Succession planning is the biggest driver of M&A activity today. Many family-owned banks are deciding to sell simply because there isn’t a next generation ready or willing to take the helm.

To counter this, banks must embrace flexible work models to find talent. While customer-facing roles need to be in the office, technology talent doesn’t have to be homegrown. If you find great talent that doesn’t live in your market but would work remotely, you may want to grab them and figure out how to integrate them into the culture and get them to know and understand the people and organization. 

Q: How much responsibility should consumers have for their cybersecurity and fraud risk?

I think banks have a big role in it, and as technology advances, people in the banking industry want to make it easy for customers and they want to make it frictionless.

But when it comes to cybersecurity, you’ve got to have some friction in the system. You’ve got to force people to stand back, take accountability, and to think about what they’re doing.

Zelle has been a great example. We were one of the first Zelle banks in the state of Iowa. And I had a lot of community bankers go, “What in the world are you doing? You see how costly that is?” I said, “we go where our customers are going.” And our customers want immediate, easier payments. And even those customers that say they don’t want it will want it in the future. Get and keep them on your system.

Zelle forces you to answer the question, do you really know this person? Is this who you are really thinking about? Is the phone number right? It forces a consumer to say, “All right, I’m taking responsibility here.” 

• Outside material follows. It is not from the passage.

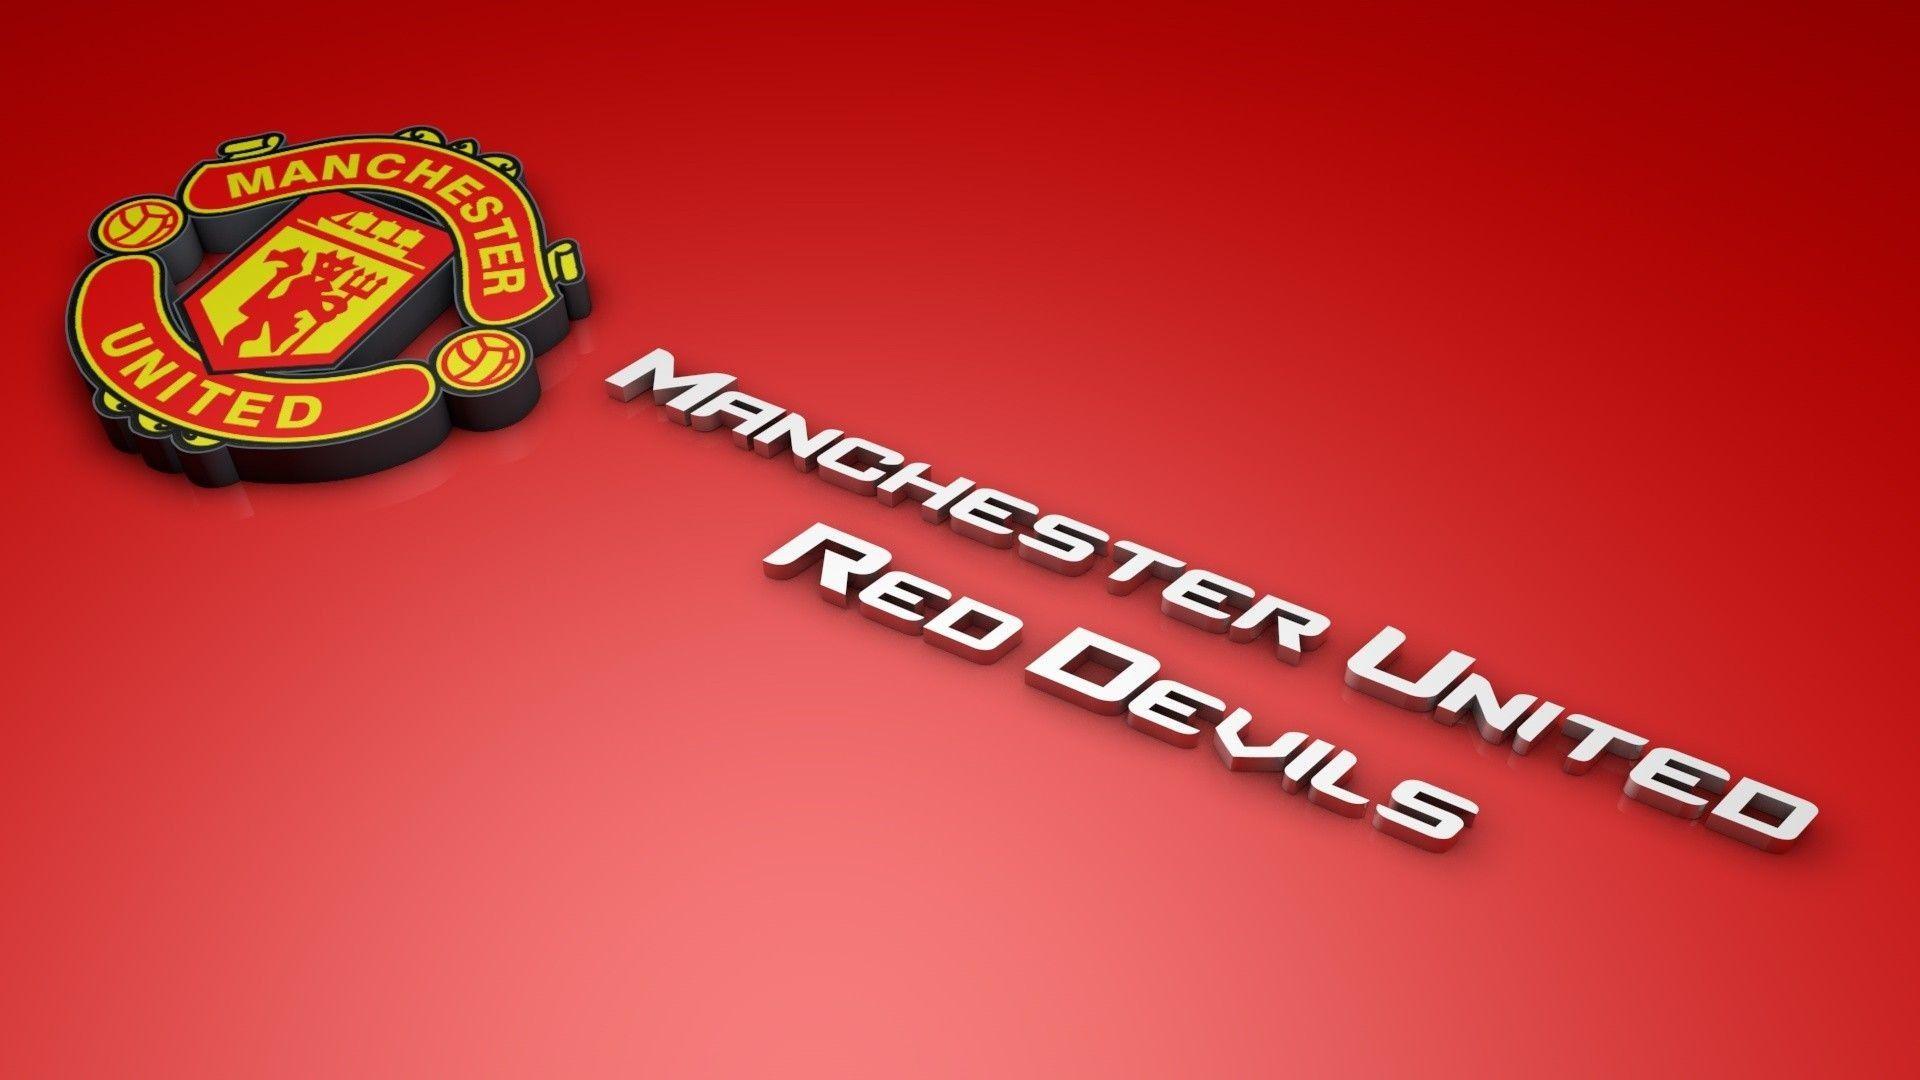 Manchester United Logo Wallpapers HD 2017 63+

Immediate payments are designed to take friction out of payments, but you have to keep some friction there from a cybersecurity standpoint to protect not only the bank, but also your customer.

The threat has moved from the institution to the human element, making consumer education more important than ever. 

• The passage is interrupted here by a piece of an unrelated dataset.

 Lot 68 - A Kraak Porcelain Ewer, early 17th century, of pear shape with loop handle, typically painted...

We do a lot of training. In fact, in several of our markets (we have 23 locations), we join forces with other banks in those communities and hold community, cybersecurity, and consumer-protection events together.

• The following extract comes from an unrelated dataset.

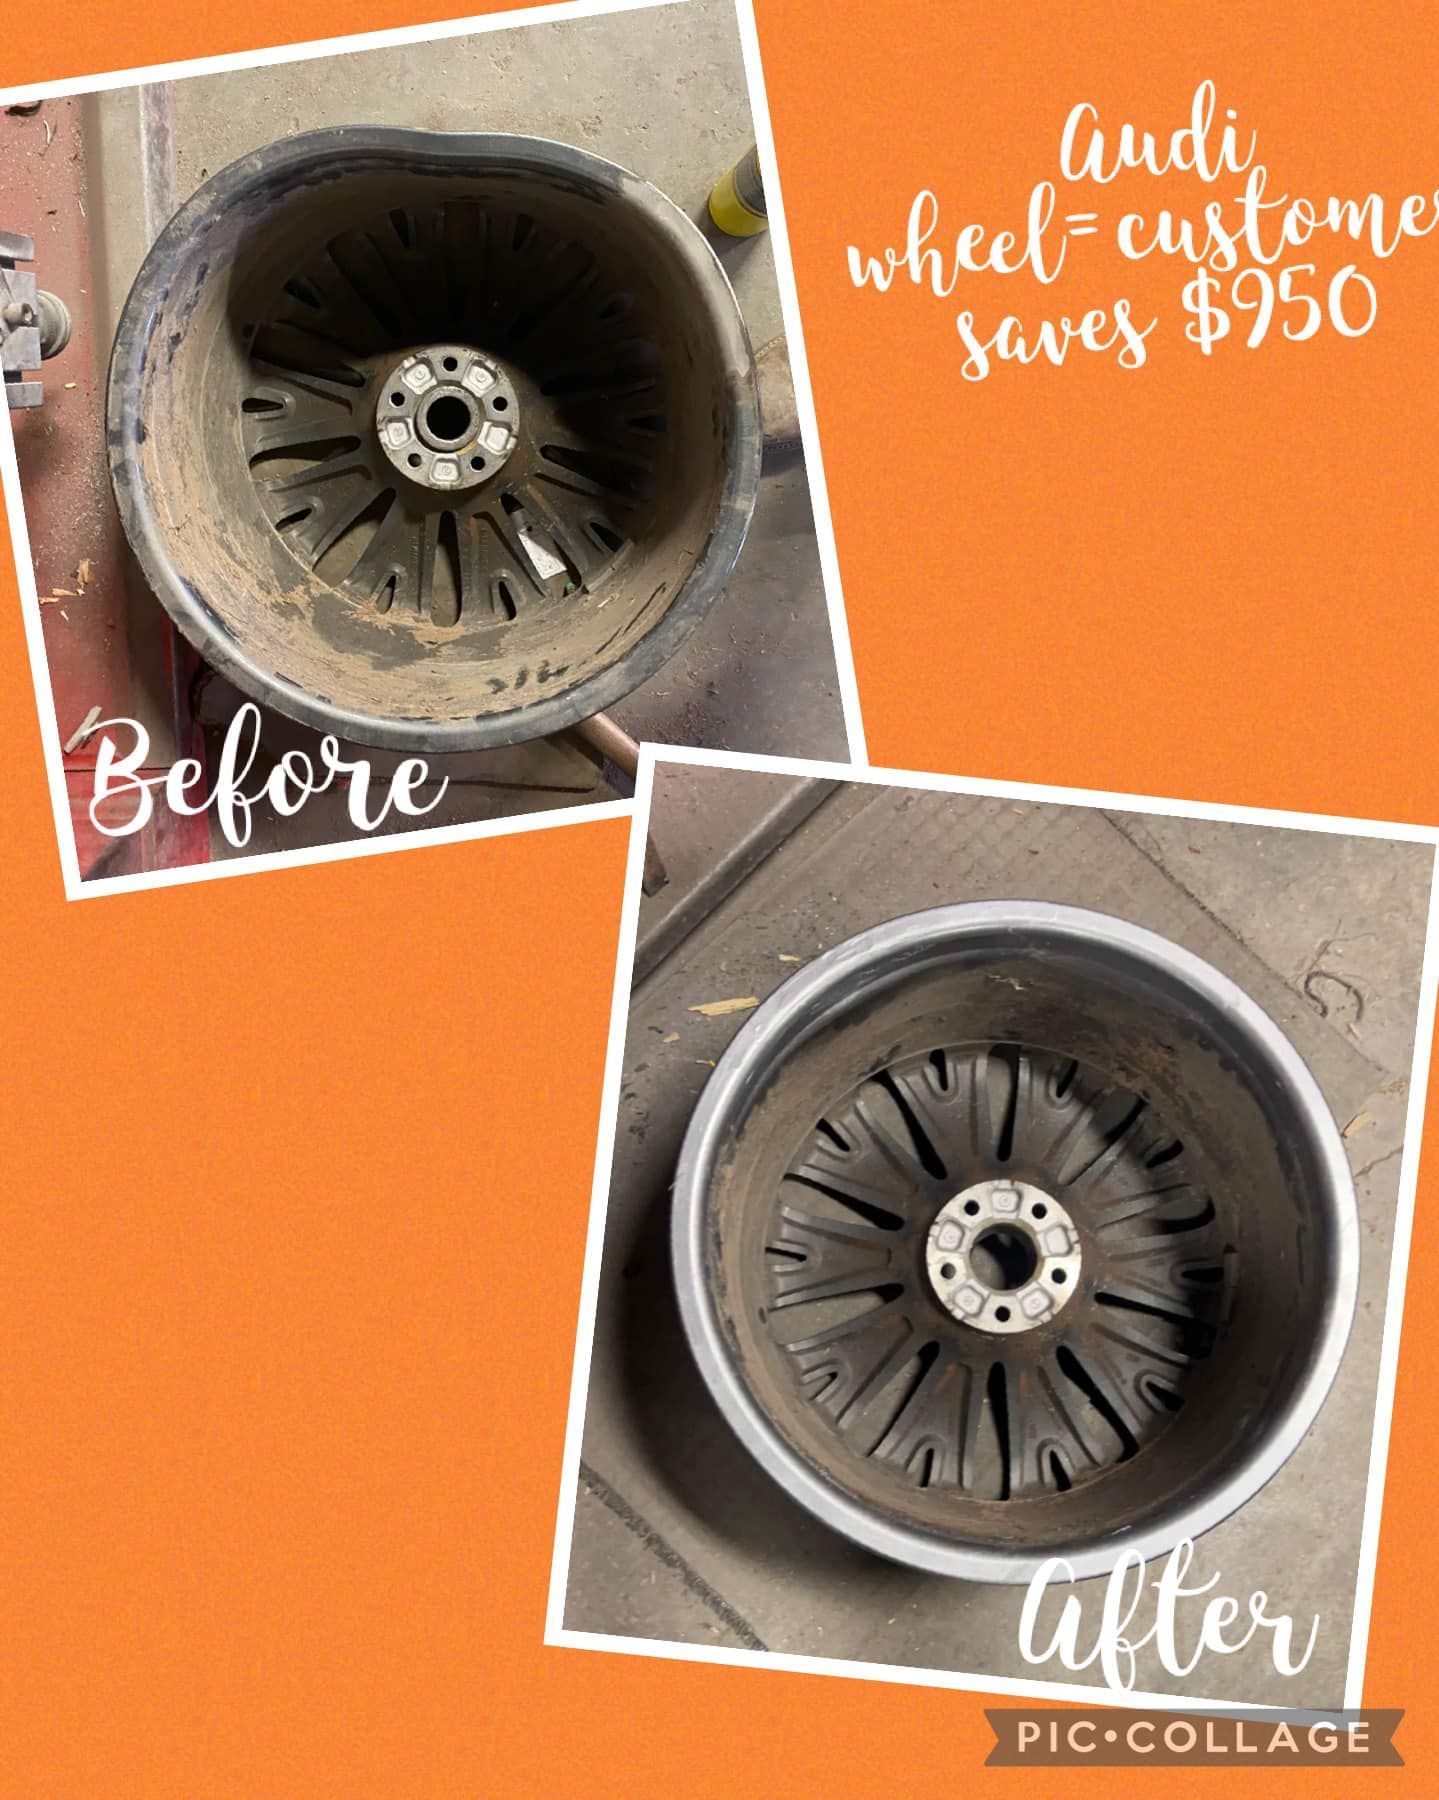 Before and After Bent Wheel Brandon Cavender

And I think that’s just fabulous. This is not about bank competition. This is, “How do we inform our customers? How do we protect our customers?” and I think the more of that we do as an industry, the better.

Thankfully, the Fed has all sorts of stuff and the FDIC and OCC have stuff too, but all you can do is try to bring people to the trough. They’ll come at their own pace.

Q: What actionable steps should banking leaders take today to harden their cybersecurity posture?

For any community bank, there are several foundational steps that should be prioritized:

Implement Domain Integrity

To me, .Bank is the foundation of cybersecurity for community banks.

It tells the customer exactly who you are and ensures that the entity behind the website has been vetted—not everyone can get a .Bank domain name.

It’s a simple step that provides a lot of watchdog protection and doesn’t take a lot of work. It’s not a size issue either. I’ve seen banks in the state of varying sizes convert to the .Bank domain.

Audit Your Vendors Continuously

Loyalty to a vendor is nice, but you have to occasionally look at other options because the field is advancing so fast.

A vendor who was top-of-the-game five years ago might be number ten today. Hold them accountable for how they are using AI and protecting your data. As President Reagan said, “trust but verify.”

Embrace “Healthy Friction”

As I said before, we all want a frictionless experience, but in cybersecurity, you need friction. You have to nudge and sometimes force customers to take accountability for their own protection.

Collaborate With Competitors

Security and cybersecurity are not competitive. If two banks in town get attacked, the whole town can lose trust in all of the banks in the community. Join forces with other local banks to hold community training events and consumer protection seminars.

I’m very optimistic that community banks can compete, especially if they can attract the right talent. I acknowledge that the challenges are different, but I still think the future is just as bright as it’s always been. Cybersecurity scares a lot of people, but technology, to me, is what can help a community bank remain viable in the long term.